Oklahoma basketball: Numbers that matter from humbling at West Virginia
By Chip Rouse
West Virginia turned 17 Oklahoma basketball turnovers into 21 points, scored 10 points off of transition and got 30 points off the bench on Saturday night in a Big 12 battle of top-10 teams.
That’s all you really have to know to understand how Oklahoma fell 89-76 to the No. 6-ranked Mountaineers on the road at West Virginia.
Sooner super freshman Trae Young managed to reach his 29-point scoring average, but it wasn’t particularly pretty or easy. The nation’s scoring leader took three times as many shots as any other teammate. That’s not necessarily uncommon or unwarranted, but the fact that just 36 percent of his shots went in the basket was uncharacteristic and largely the result of having a couple of West Virginia defenders around him all night long.
Young earned 10 of his game-high 29 points at the free-throw line. He shot just 8 of 22 from the floor and was 3 for 12 from long range. The former five-star recruit from Norman North High School is the nation leader in assists, but on Saturday night he committed more turnovers (8) than dimes (5), five fewer than the 10.6 he had averaged through OU’s first 13 games.
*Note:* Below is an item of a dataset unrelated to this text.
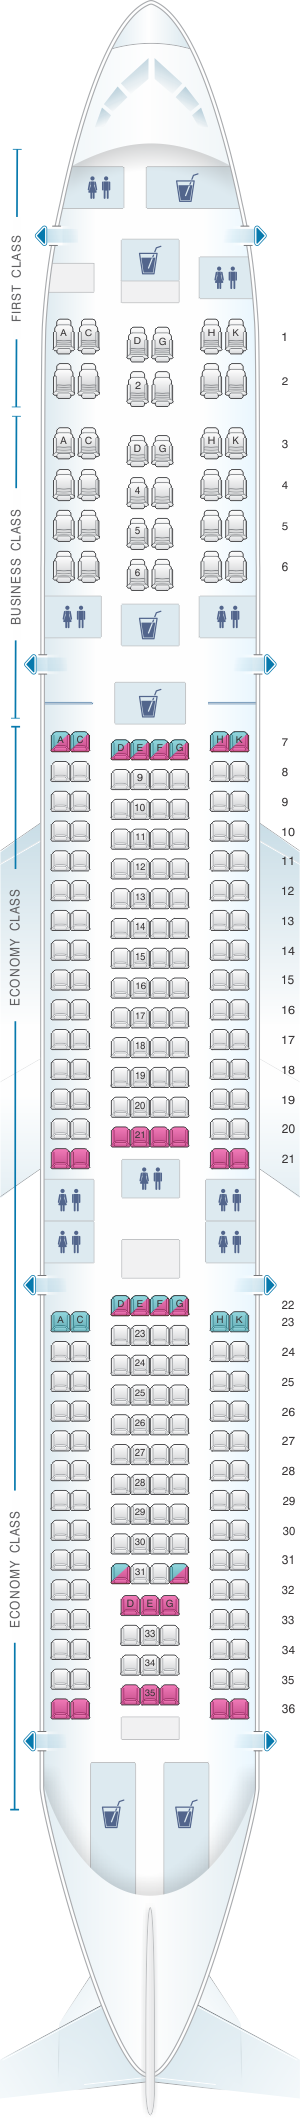 Seat map for Egyptair Airbus A340 212

Young has shown that he is good for 25-30 points every game, but the problem is, for the Sooners to be able to win games in a conference as deep and competitive as what exists in the Big 12 this season, he’s going to have to get complementary scoring from his teammates.
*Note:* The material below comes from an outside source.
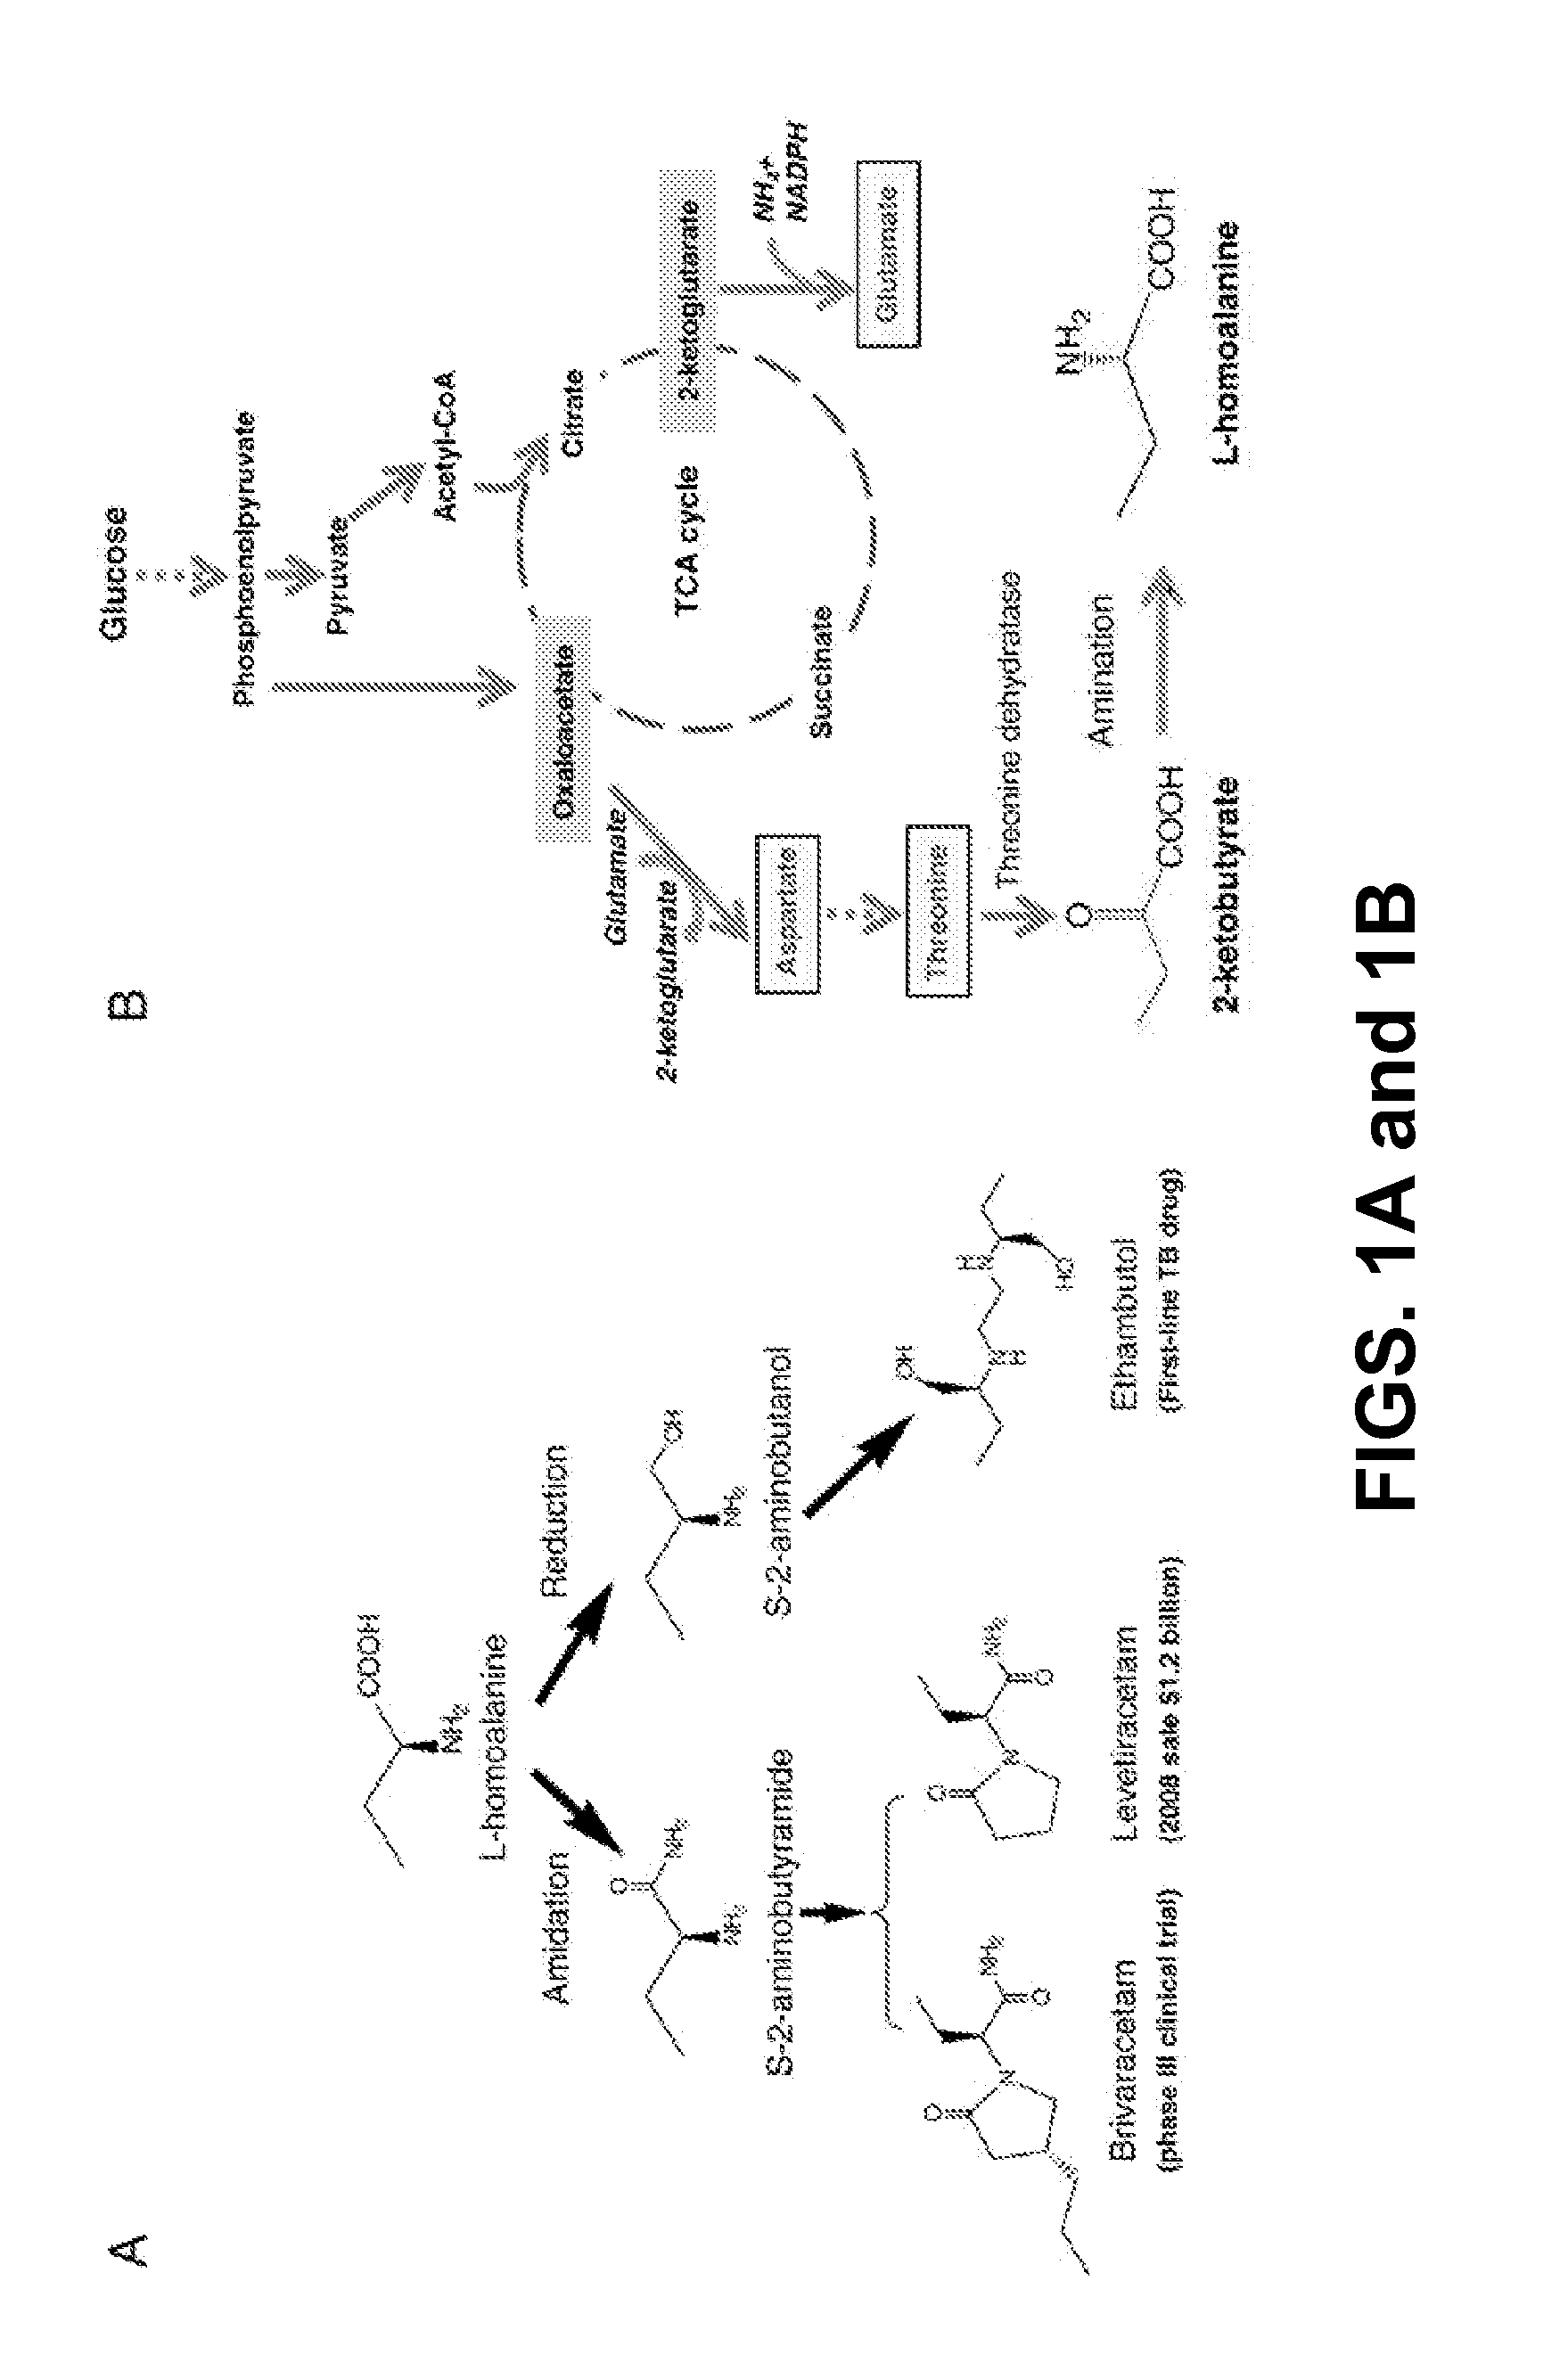 Compositions and methods for the production of l-homoalanine

On Saturday at West Virginia, freshman Brady Manek, who had scored at least 20 points in three of his previous five games, was held scoreless. In the Sooners’ 109-89 blowout Bedlam win over Oklahoma State, the 6-foot, 9-inch Sooner first-year player scored a game-high 28. Christian James, OU’s second leading scorer was held to seven points, five points below his season average.
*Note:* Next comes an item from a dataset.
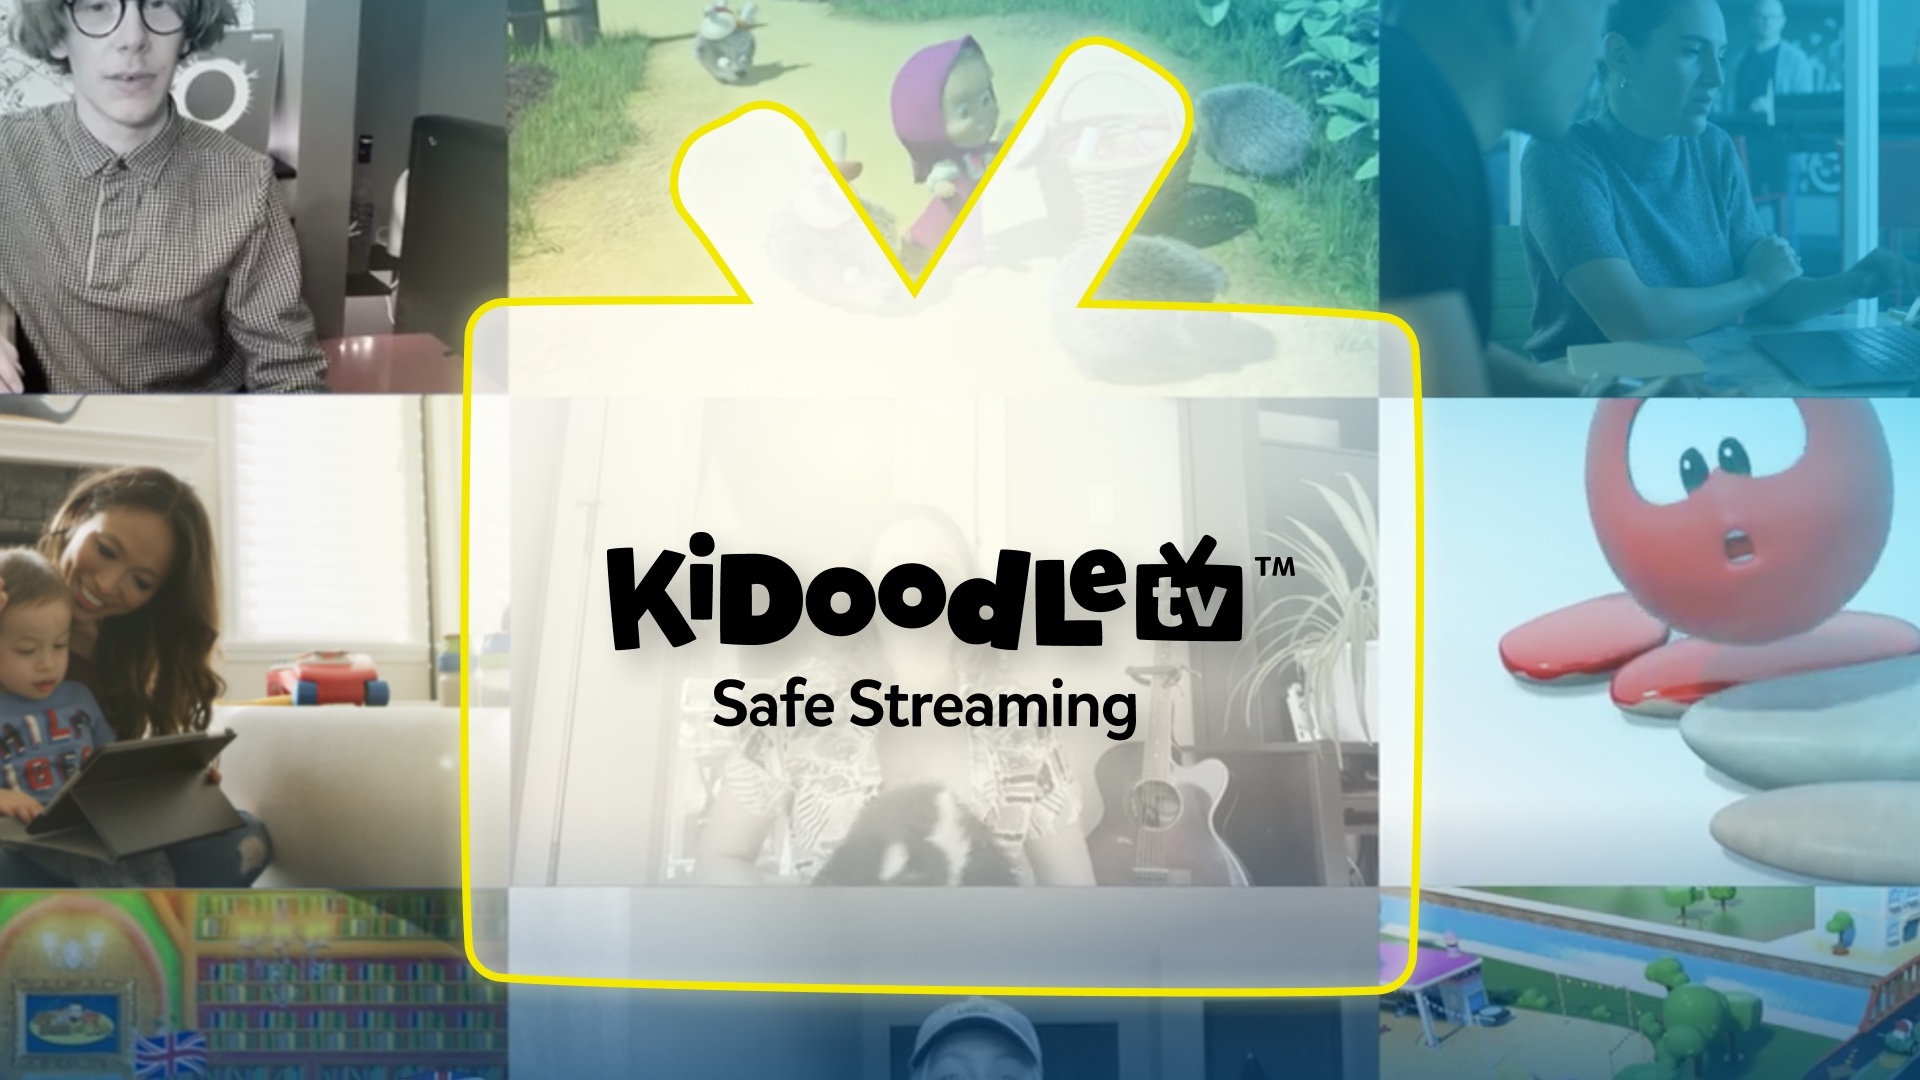 Miko and Kidoodle.TV® Collaboration Delivers Immersive Kids Experience

The Sooners did not play their best game by far at West Virginia, but the Mountaineers full-court, 40-minute pressure on the ball had much to do with that. Plus winning on the road in the Big 12 is extremely difficult.
Here are some other numbers that matter from Oklahoma’s second loss of the season to go with a dozen wins:
2 – Field goals made by Trae Young over the final 14 minutes of the game.
4 – Oklahoma largest lead in the game. It came in the opening two minutes of the game.
8 – In addition to eight steals, West Virginia blocked eight Sooner shots.
10 – West Virginia’s Teddy Allen scored 10 of his team-high 20 points in the final 12 minutes of the game. He scored all 20 points in just 24 minutes of action.
14 – Consecutive wins by West Virginia since losing their first game of the season. The Mountaineers win on Saturday snapped a 10-game Oklahoma winning streak.
18-6 – Second-half run by West Virginia with their leading scorer and ball defender Jevon Carter on the bench with four fouls for a good stretch of the second half.
21-9 – Points off of turnovers by which West Virginia outscored the Sooners.
53-51 – Oklahoma’s lead at the 13:30 mark in the second half. That was the last time the Sooners would lead in the game.